Access control mechanisms are the gatekeepers of modern web applications. They decide who can access what resources, when, and under what conditions. Yet these very mechanisms, when improperly implemented, become the weakest links in an otherwise robust security posture.

The HTTP status codes 403 Forbidden, 401 Unauthorized, and 429 Too Many Requests represent the primary signals that an access control boundary has been enforced. But what happens when these boundaries can be circumvented? The answer is simple: unauthorized data access, privilege escalation, and complete system compromise.

OWASP consistently ranks Broken Access Control as the #1 web application security risk. In 2023 alone, access control bypasses constituted 18% of all critical-severity reports on HackerOne, with median bounties reaching $4,500 for authentication bypasses. The business impact is equally severe: the average data breach costs $4.45 million, with regulatory penalties under GDPR reaching 4% of global revenue.

Despite this prevalence, systematic testing for access control bypasses remains inconsistently implemented.

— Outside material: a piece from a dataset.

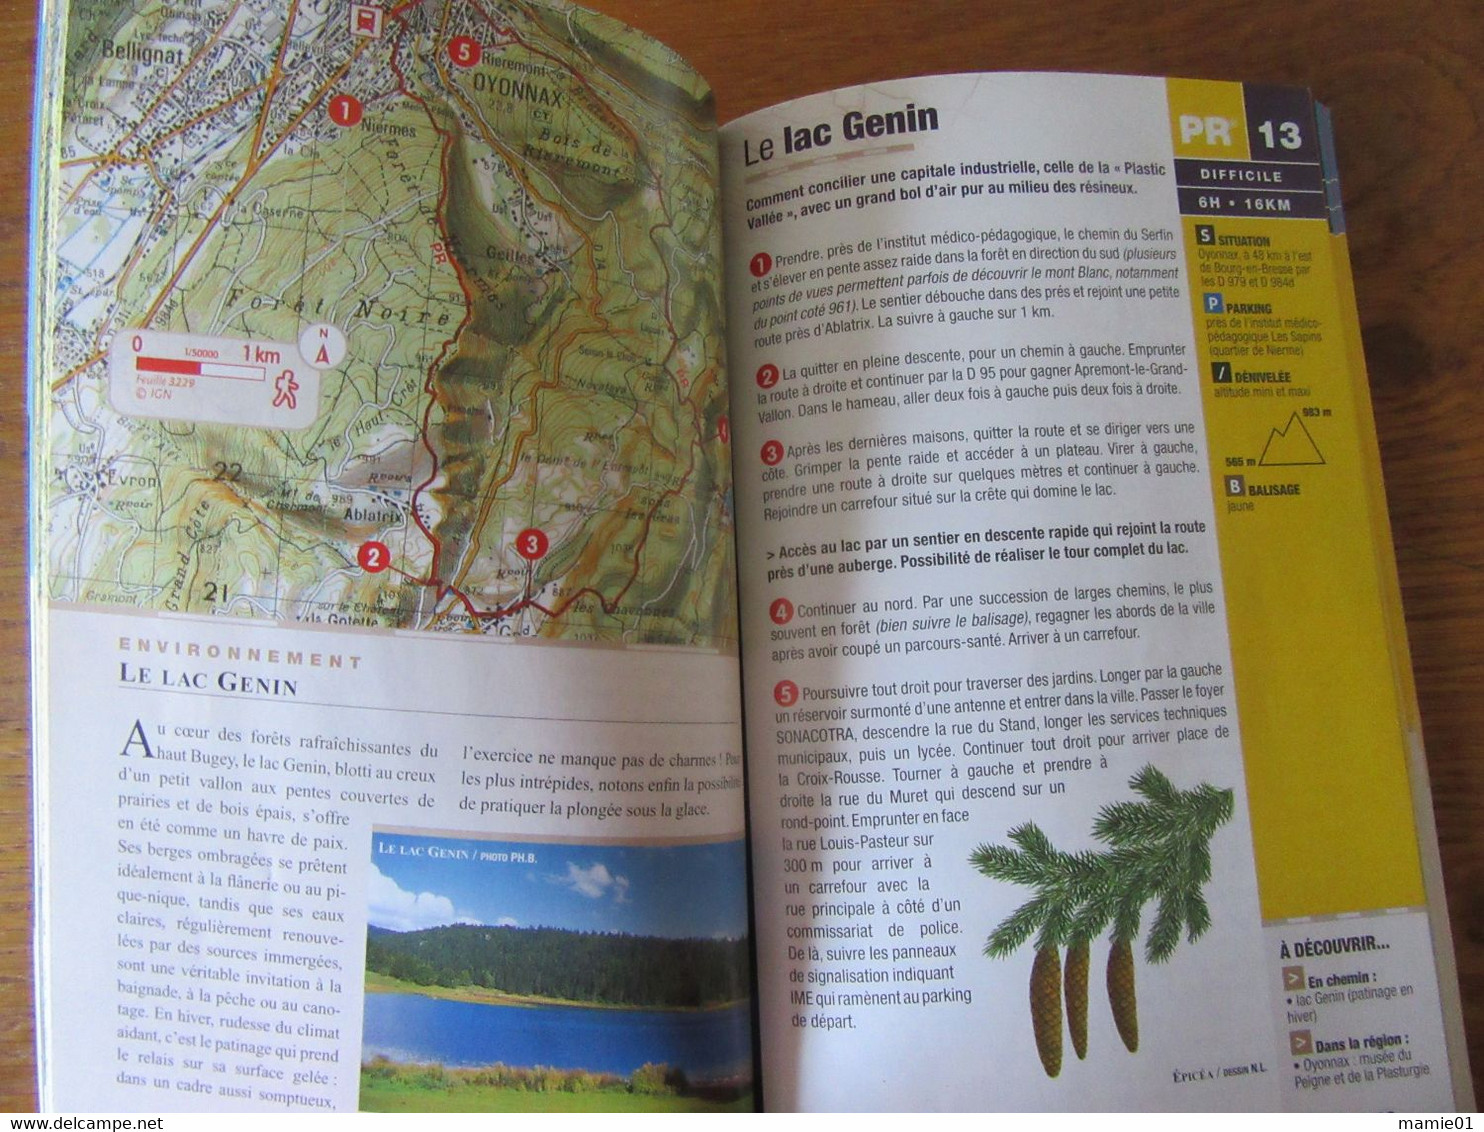 Topo Guides    L'Ain ...à Pied        Promenade & Randonnée - Michelin (guides)

Manual testing—sending individual requests with modified headers in Burp Repeater—is time-consuming, error-prone, and fails to achieve comprehensive coverage. A typical application with 200+ endpoints, each potentially vulnerable to 40+ header injection vectors, 2 method switching variants, and 3 authentication removal combinations, requires testing 27,000 request variants. Manual testing of this scale is simply impractical.

This is where Sala7-Bypass enters the picture.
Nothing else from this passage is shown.